The Strict Runbook-Attached Rule

Every alert has a runbook URL or it doesn't ship. Enforcement.

The strict rule

The rule is uncompromising. No alert ships to paging without a runbook URL (not a wiki landing page; a specific runbook for this alert); CI checks the URL is present and returns 200, PR fails if either check fails; stub runbooks (“investigate the issue”) are rejected in review because the runbook must list the first 3 actions.

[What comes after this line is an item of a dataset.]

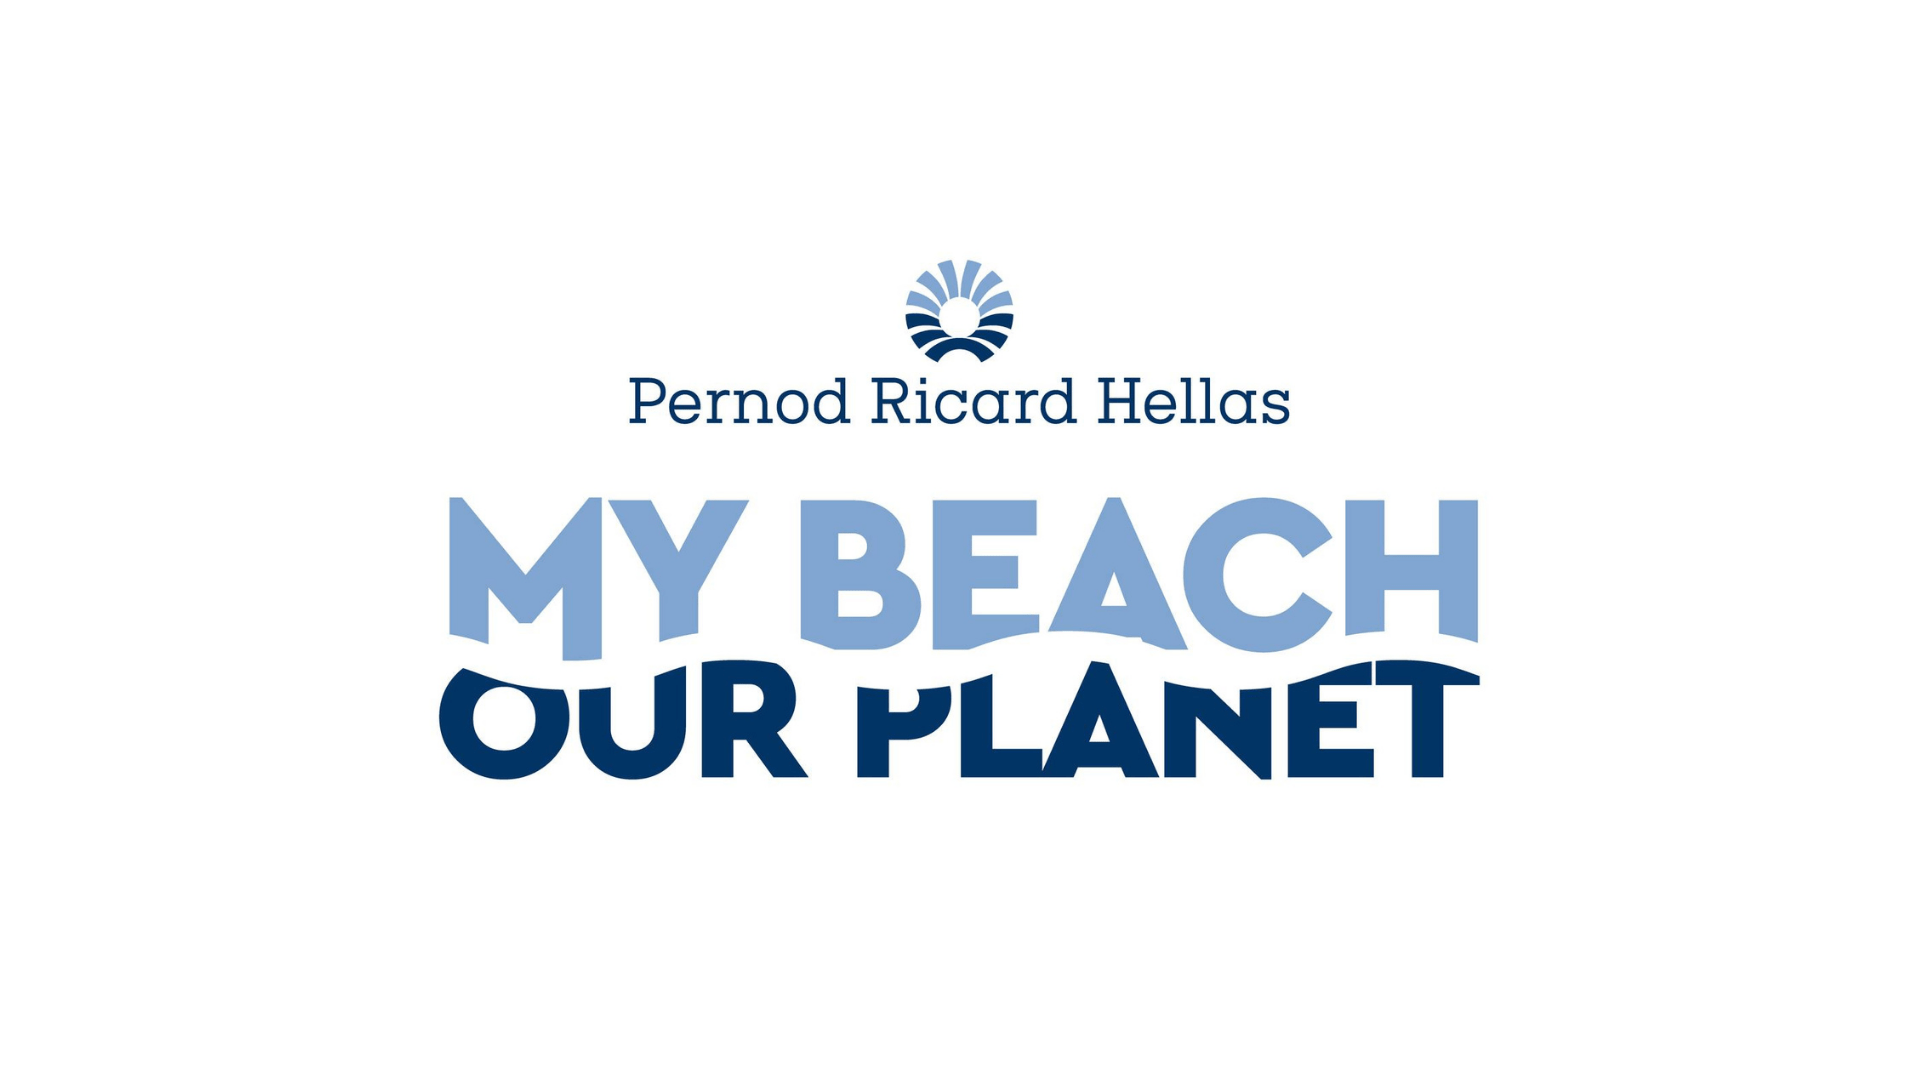 My beach. Our planet

Specific runbook URL required. Not a wiki landing page; a specific runbook for this alert.
CI presence and 200 check. URL present and returns 200; PR fails if either check fails.
Stub runbooks rejected. “Investigate the issue” not enough; must list first 3 actions.
Per-alert runbook ownership. The runbook has an owner; supports the maintenance discipline.

What the runbook contains

The runbook has three required sections. Confirmation (how to verify the alert is real, not a false positive, with specific commands or queries); first actions (what to do in the first 5 minutes: restart, failover, page someone else); escalation (when to page the next person and who they are, with team and timezone).

Confirmation. How to verify the alert is real, not a false positive; specific commands or queries.
First actions. First 5 minutes; restart, failover, page someone else.
Escalation. When to page the next person, who they are; include their team and timezone.
Per-section length cap. Each section has a length cap to keep the runbook usable; supports speed at incident time.

Keeping runbooks current

Runbooks rot, so the maintenance loop must close. Quarterly review by the owning team (update the runbook or retire the alert); after every incident, update the runbook with what was actually done because the runbook is the cumulative knowledge of the team; block PR approvals on stale runbook reviews when alerts fire.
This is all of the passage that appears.